The Assassin. In the book, it doesn’t make much sense that the Assassin should be one of the hassassins and completely convinced by the Illuminati mission. It’s much better for him to be a mercenary who is hired and just does what he’s paid for. And they manage to remove all the interesting stuff about his character from the book, but him still being interesting. Plus: Nikolaj Lie Kaas – pretty hot.

Angels-Demons-movie-01

Now: What they completely fucked up.

The script. How you can take a Dan Brown book and actually make it worse? Ask Akiva Goldsman and David Koepp. Seriously. They cut all the things that made sense in the book and left us with a big pile of what the fuck. Why murder the cardinals in such a striking way if you don’t notify the media? And why leave the camerlengo without any motivation whatsoever? And Vittoria… admittedly, in the book she was clearly a sidekick. But she was a sidekick with brains and with her own agenda and she contributed. In the film she mostly stands around.
At the same time they kept all the parts of the book that were ridiculous in the first place. [Except for three things: They removed the scene with the finding out about Bernini thingy, the scene where they first learn the poem by heart and then rip out the page of the priceless manuscript and Langdon’s miraculous survival of jumping out of a helicopter.]

Tom Hanks. I can just stress again and again that Tom Hanks sucks as Robert Langdon. Langdon himself is definitely a Gary Stu, but I can live with that. But seeing Tom Hanks as a sexy professor? Who are we kidding, exactly?

Angels-Demons-movie-06More men should wear dresses. The only good thing about the catholic church.

The direction. I’m sorry to say that, Ron Howard, I really am. But what exactly where you on when you shot that movie? Shaky cam, confusing cuts, obvious, spoilery camera-lingering, the whole lot. Very disappointing.

Summarising, this was so much worse than it had to be, it’s really very sad. Recommended only to Dan Brown fanatics.

6 comments

  1. The script I agree with, I can’t believe they did so much damage to it, although I actually did enjoy the first book, even if I didn’t consider it high literature. But Tom Hanks-well, sexy professor might be too much, but I really didn’t think he was all that badly cast. He’s not outrageously handsome, but he’s hardly unattractive. And it’s not like he has to act in a particularly macho role, anyway.
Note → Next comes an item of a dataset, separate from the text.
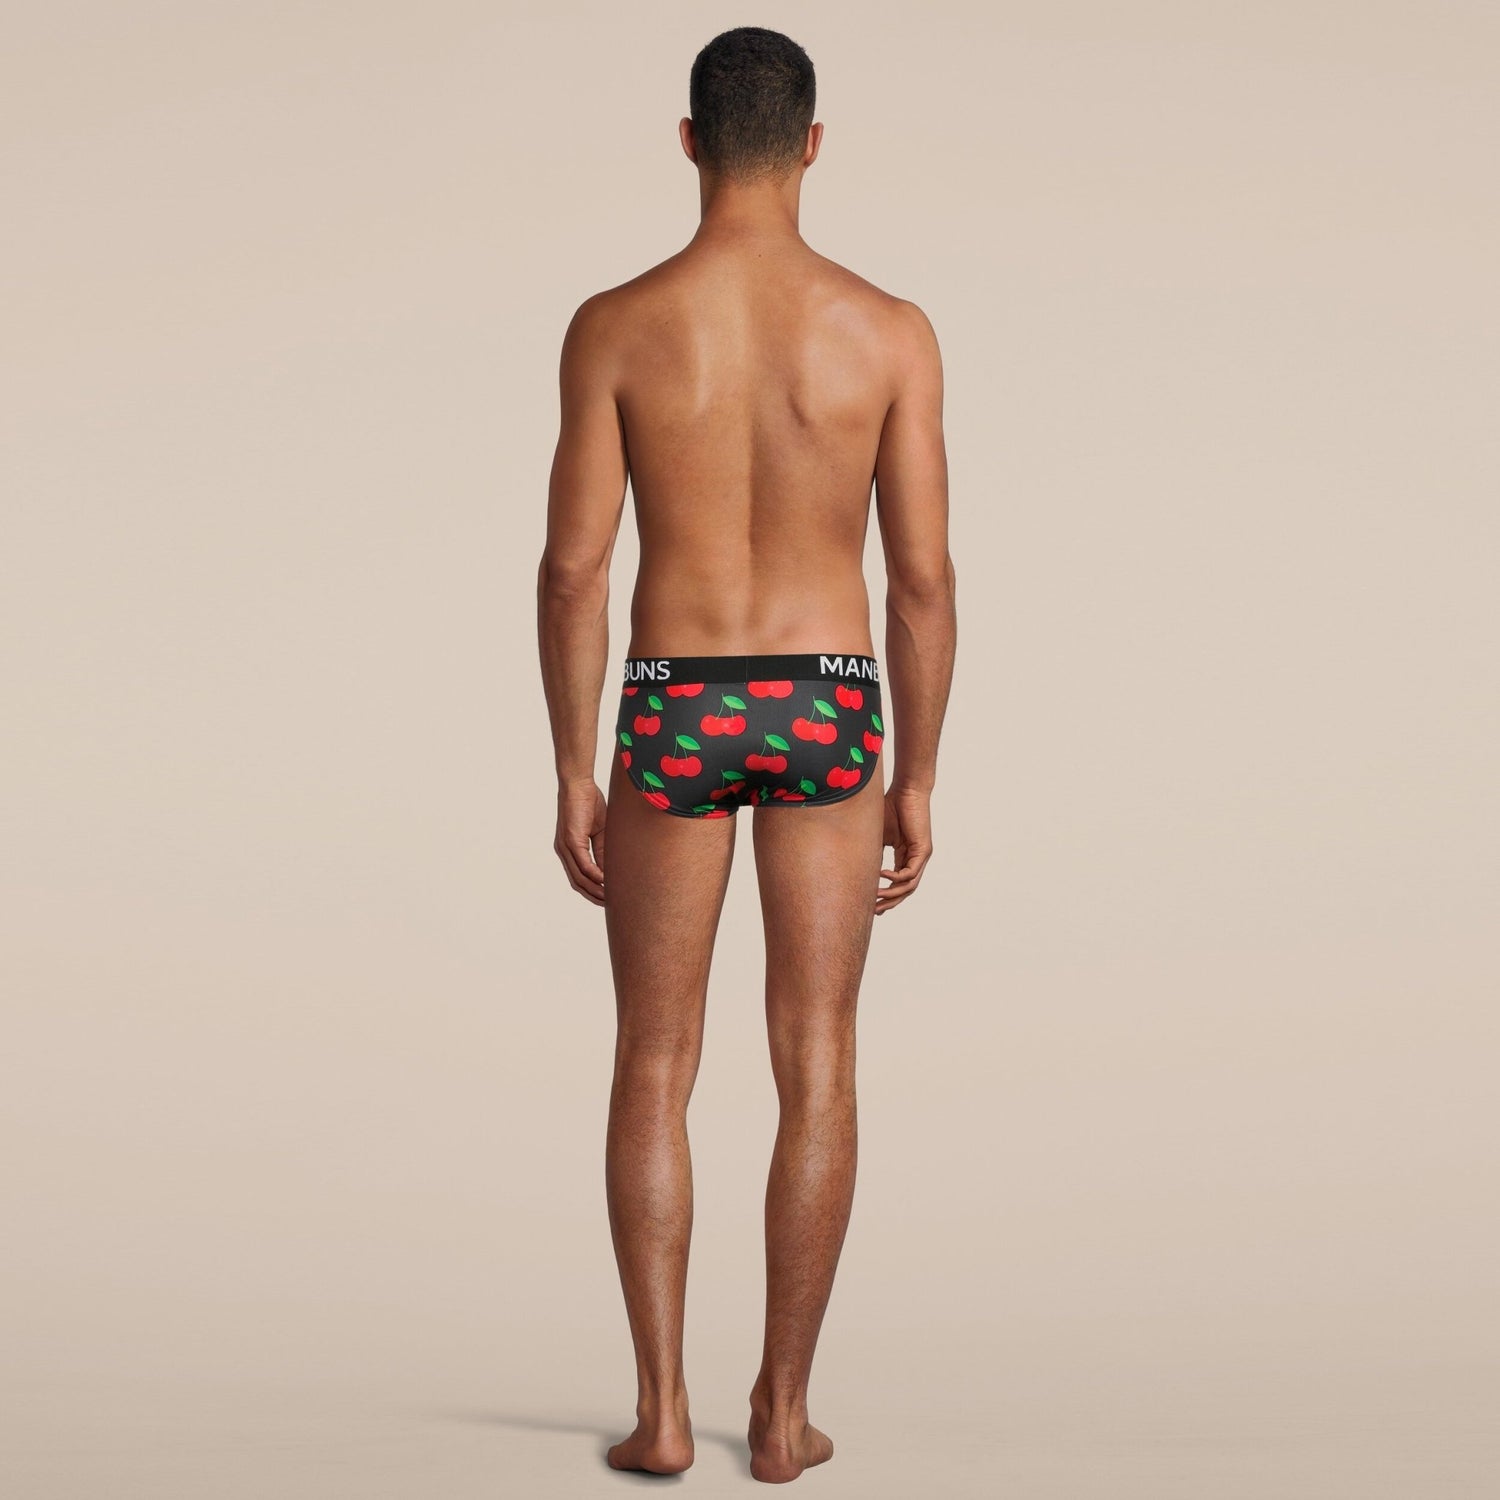 Men's Fun Novelty Peach Print Briefs Underwear – MANBUNS

    • It’s not that I’m saying that Tom Hanks is ugly, but attractive? Not in my universe.

      Of course, to each their own. Maybe I’m the only who thinks that Tom Hanks just isn’t good-looking. Which of course says nothing about his acting talent, but it makes suspension of disbelief kinda hard, when you got young, beautiful women swooning left and right over him.

  2. You forgot the awesome German! How hard could it have been? One coffee-break, going over to Armin Müller-Stahl to ask: “Could you read this over? Fix it, perhaps? Just so Stellan doesn’t have to make an ass of himself, you know…Thank you so much, that coffee’s on me.”

    One problem solved. 665 left to go.

    • True… the minute I posted it I thought “crap, I forgot to mention the abysmal German, save for the one guy who was actually Swiss” but then I didn’t have the time to change it and I thought – rightly, as I may point out – that you’d do the mentioning for me. ;)

      *le sigh*

      There seem to be no German people in Hollywood at all… there’s so much mangled German I had to listen to already…

      • You know me too well ^^

        I have flashes of people like Armin Müller-Stahl (or Sandra Bullock, or anyone else who actually, you know, *speaks German*) speaking German for a role and getting yelled at on set for doing it wrong.

        “Cut, cut, CUT!!! Sandra, darling, we talked about this. When the script says ‘German’ we don’t *actually* want you to speak German. We’re aiming for foreign-sounding gibberish. That’s how you make a good movie. Think Chaplin in ‘Great Dictator’. Can you do that for me, darling? Yes? Thank you, let’s try this again.”